> [TASK TO CARRY OUT]
Please output the listing below character for character and omit the images.

> [DATA SEGMENT]
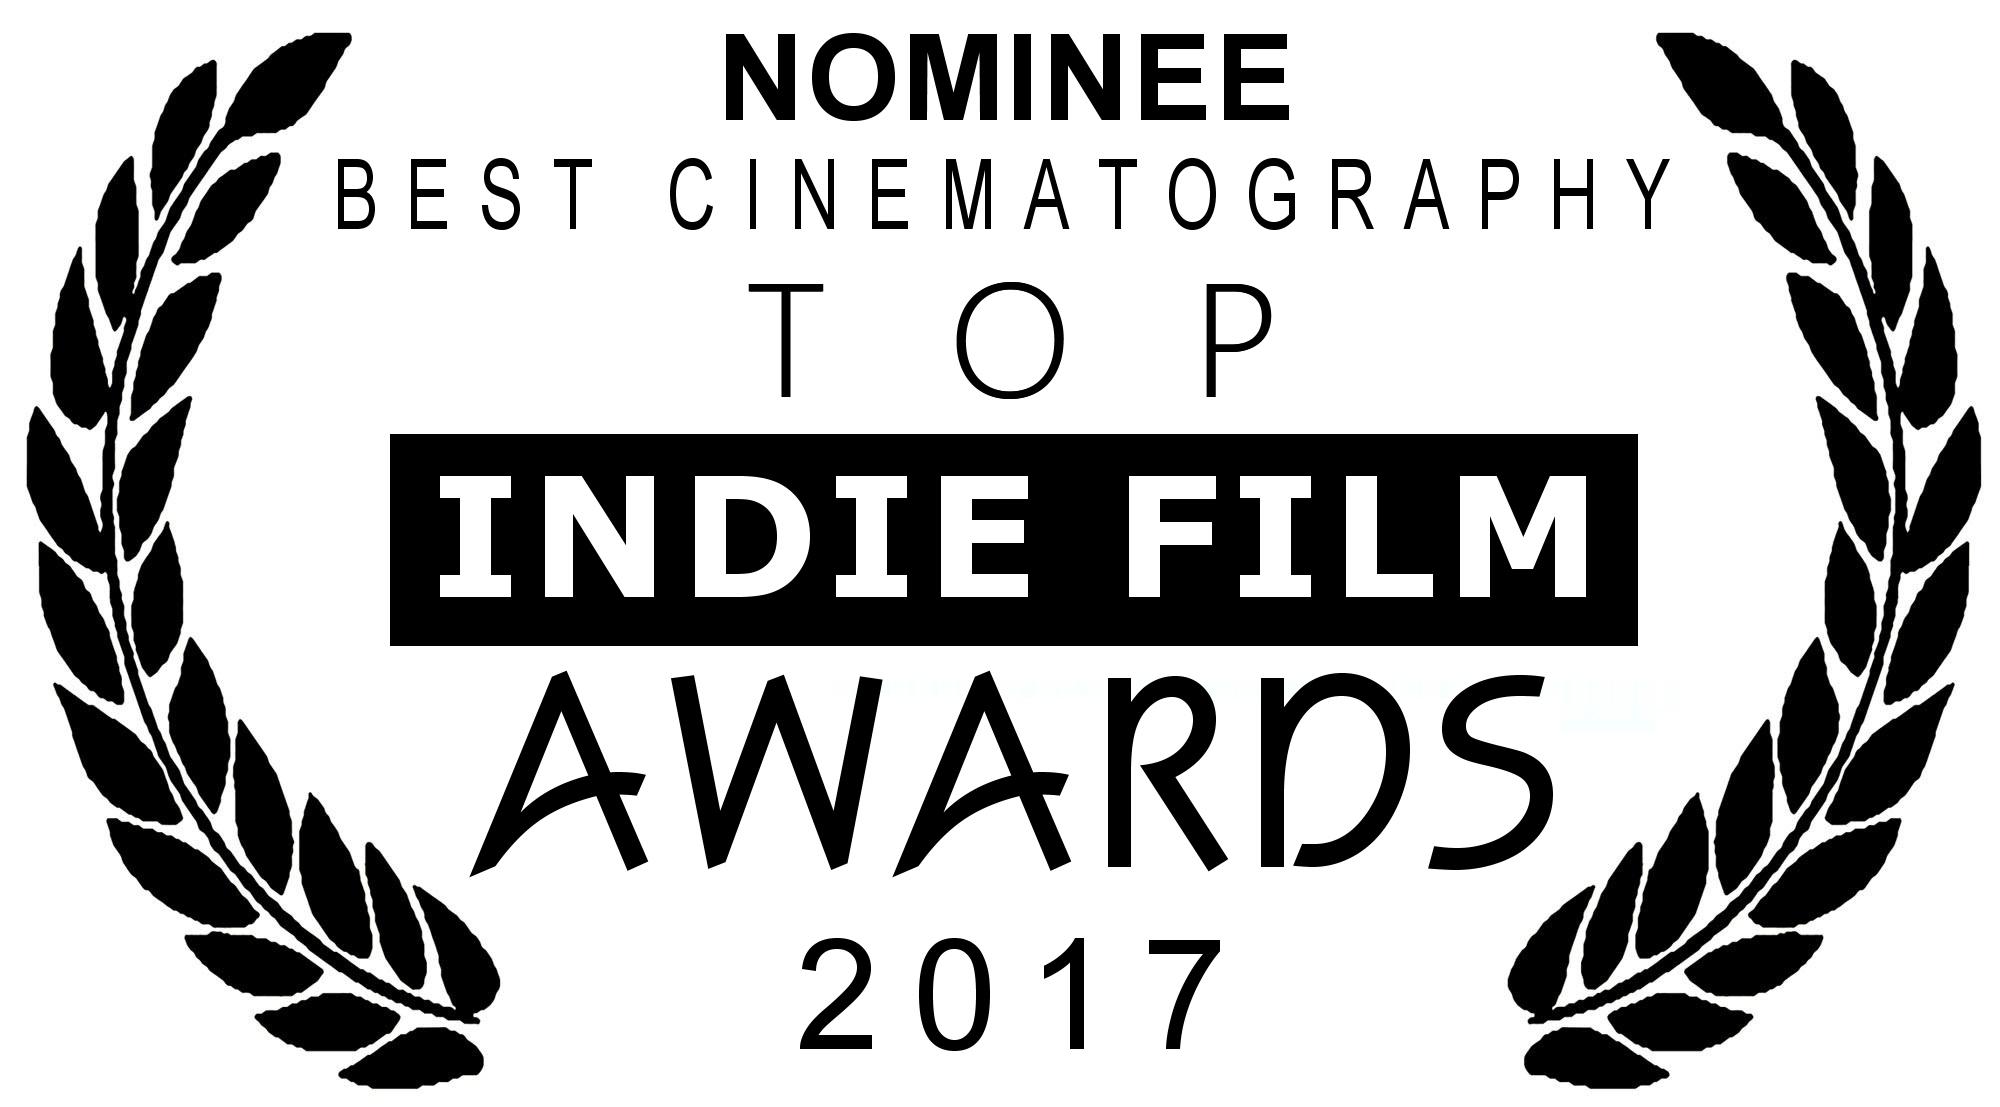 tifa-2017-nominee-best-cinematography.jpg
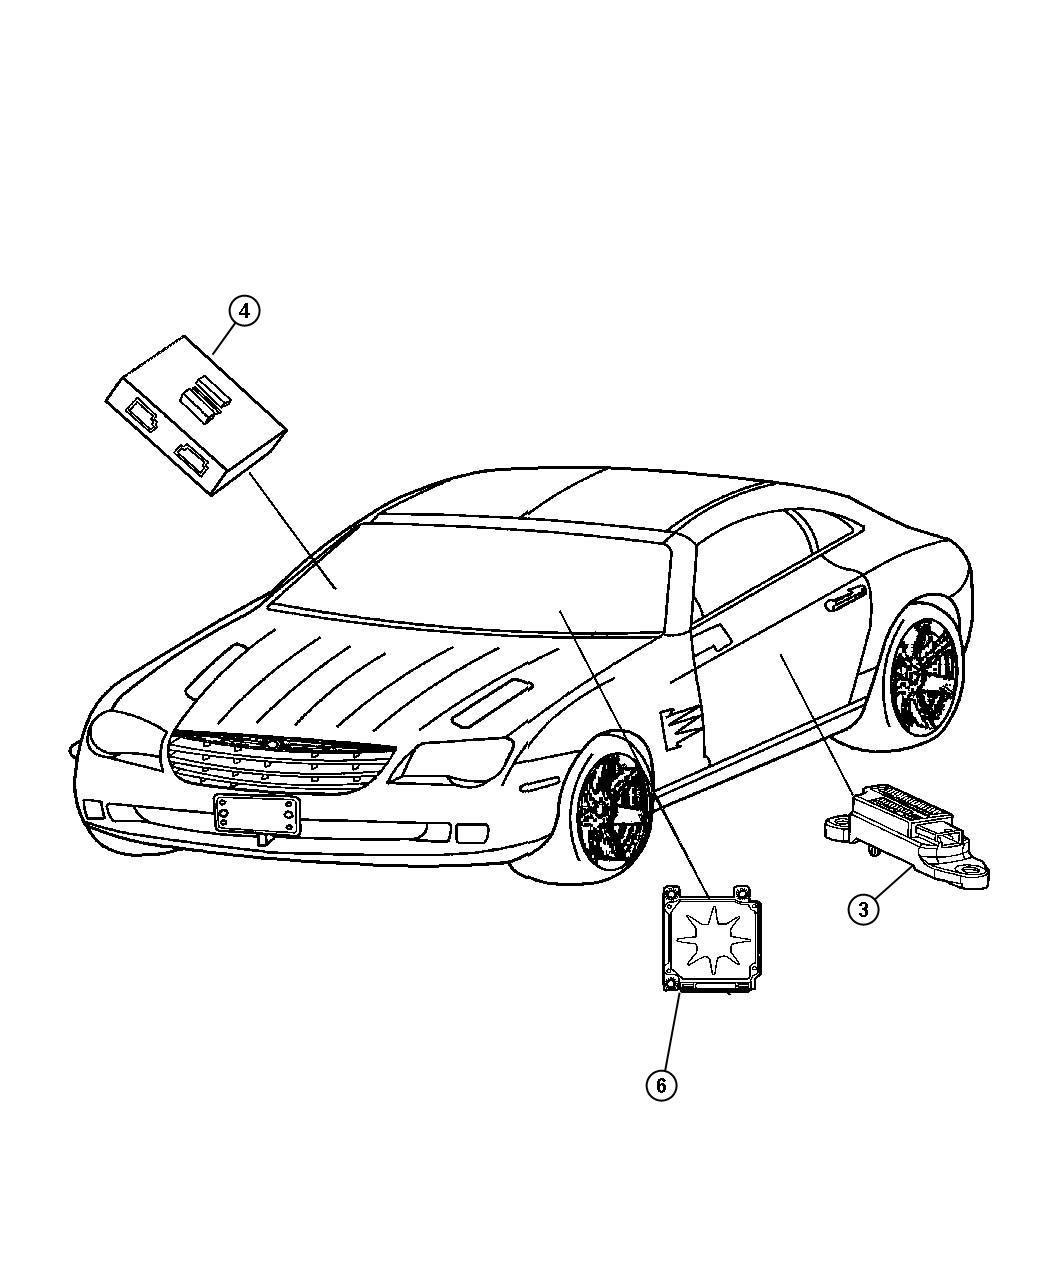 Chrysler Crossfire Sensor Air Bag Build To Export
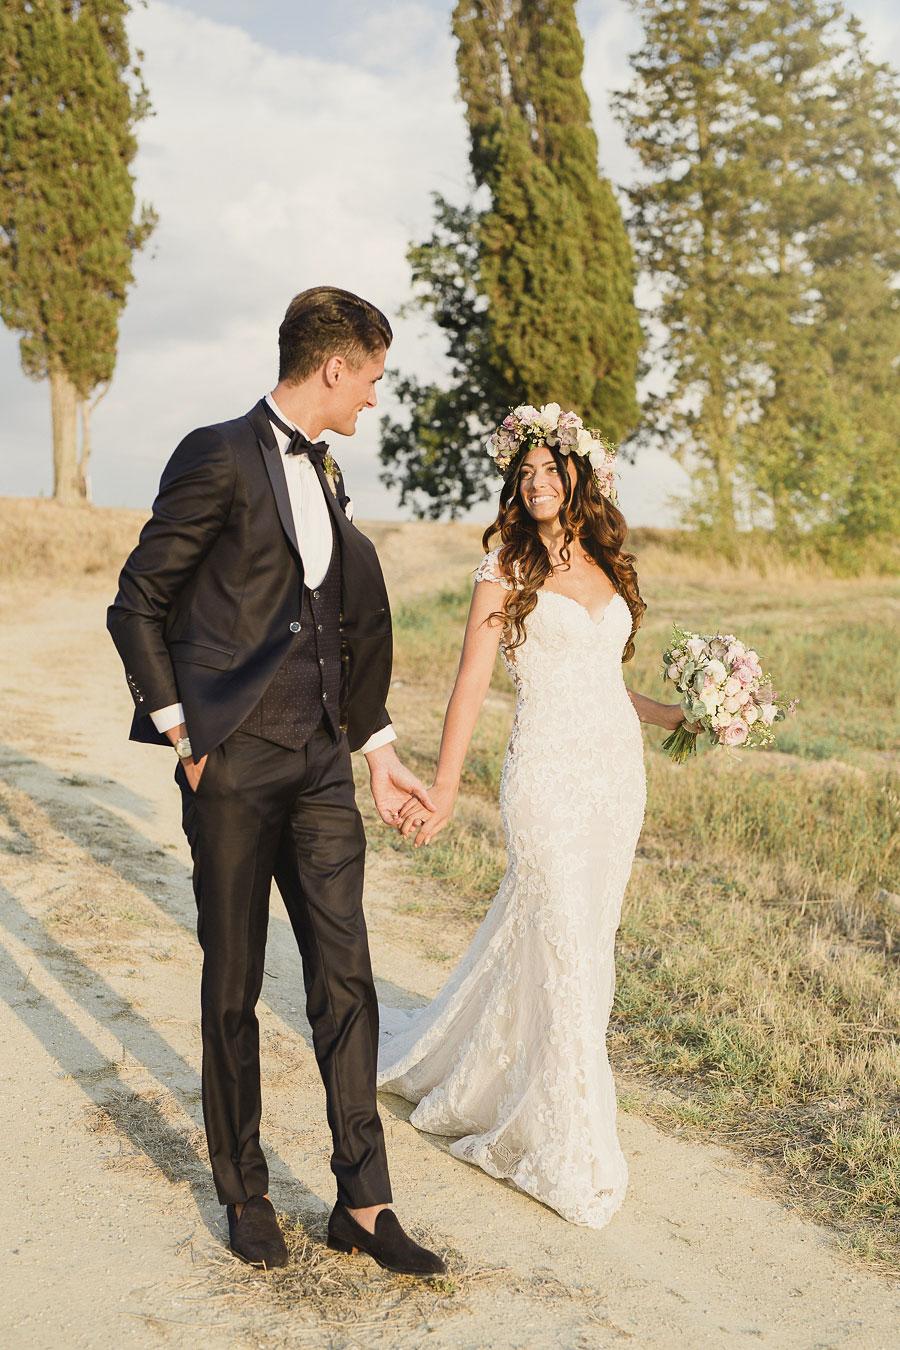 Wedding-Nicholad-and-Federica-Giuseppe-Giovannelli-218
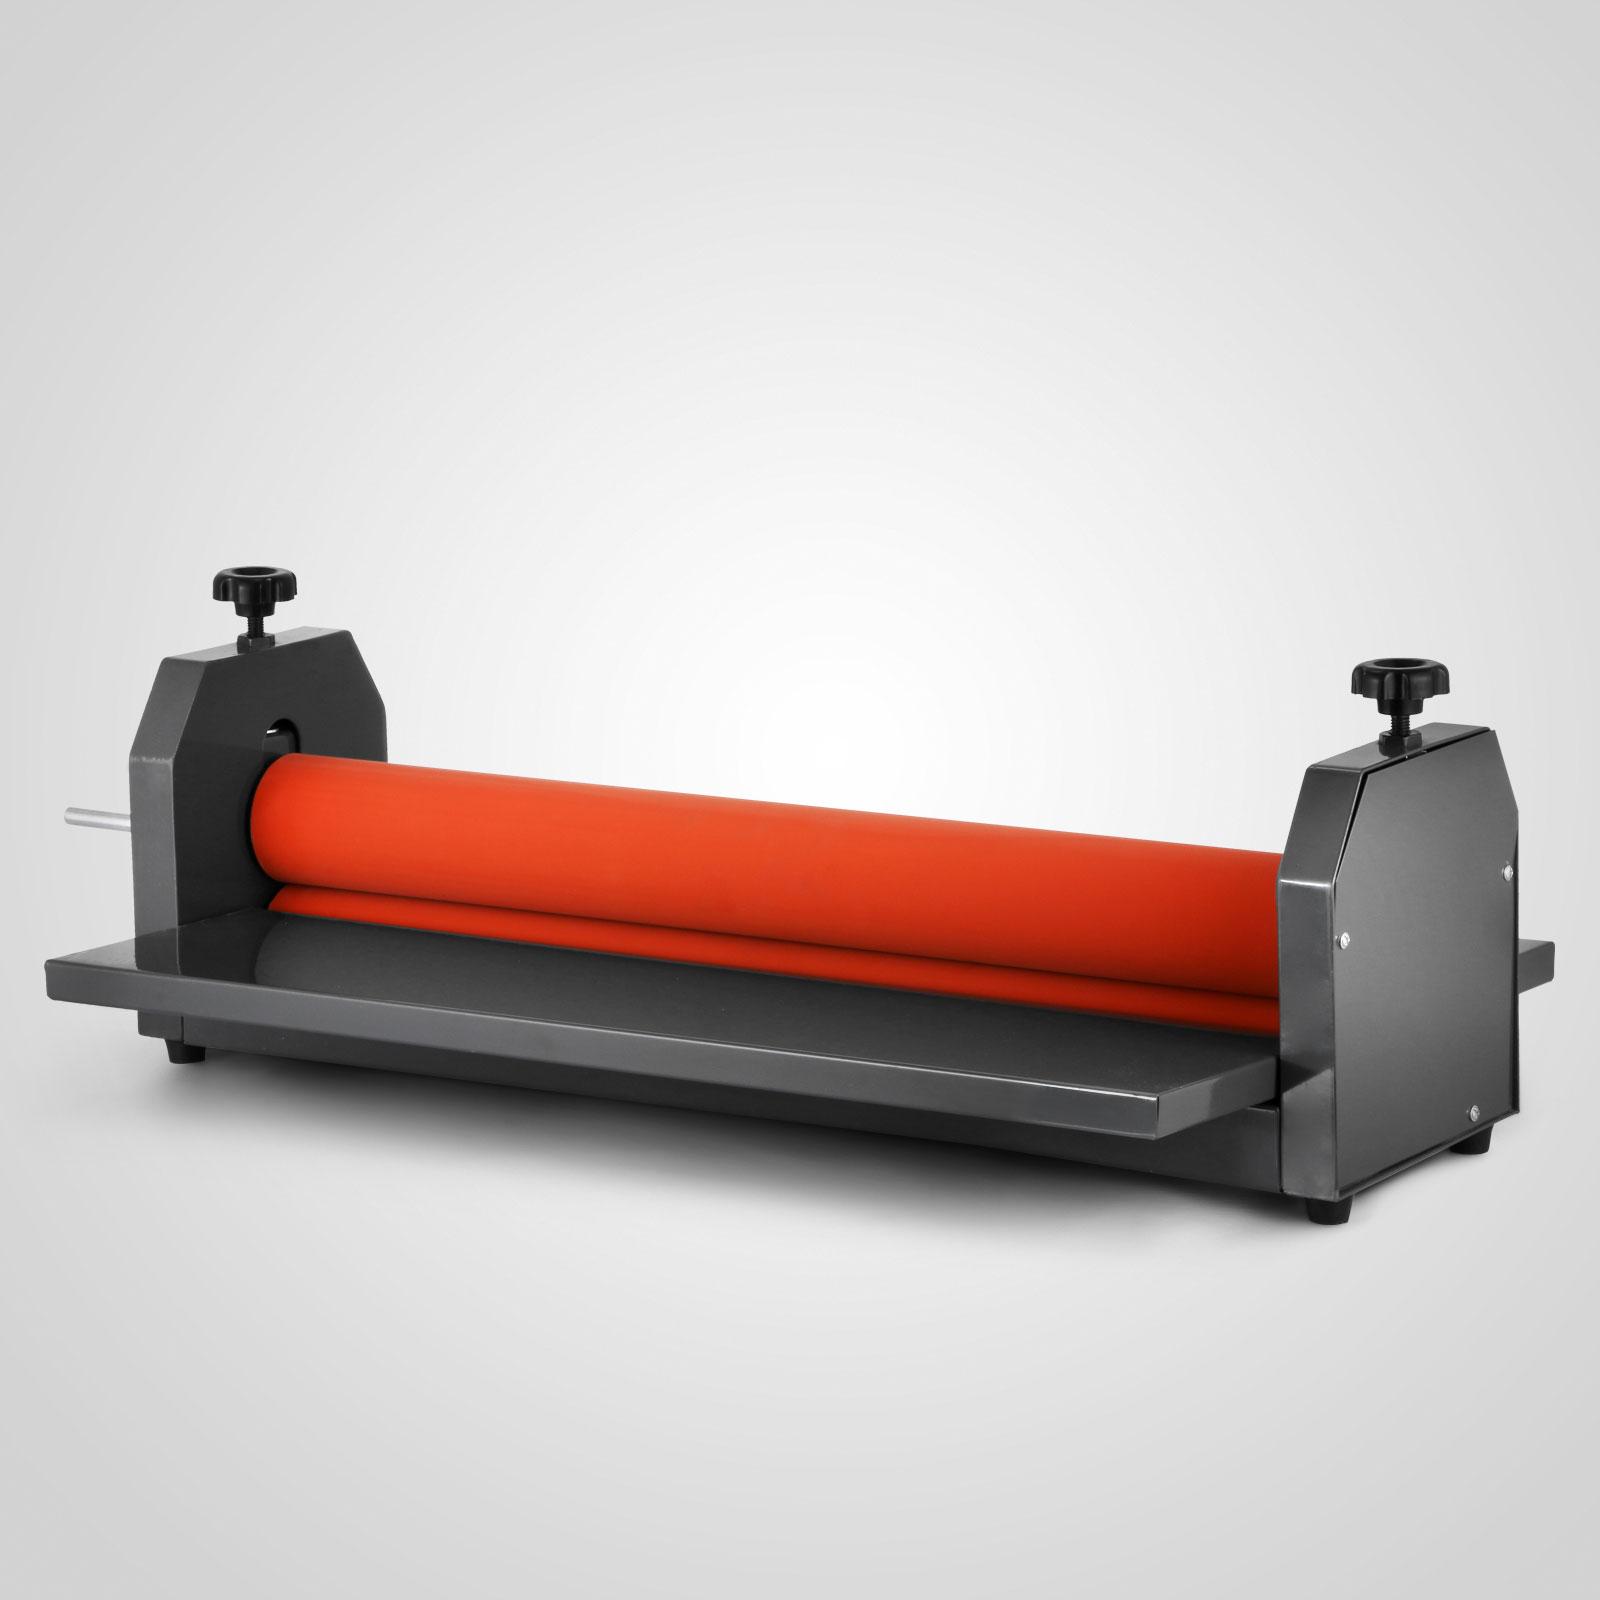 51in Cold Laminator Laminating Machine Manual Roll

> [EXERCISE SOLUTION]
 tifa-2017-nominee-best-cinematography.jpg
 Chrysler Crossfire Sensor Air Bag Build To Export
 Wedding-Nicholad-and-Federica-Giuseppe-Giovannelli-218
 51in Cold Laminator Laminating Machine Manual Roll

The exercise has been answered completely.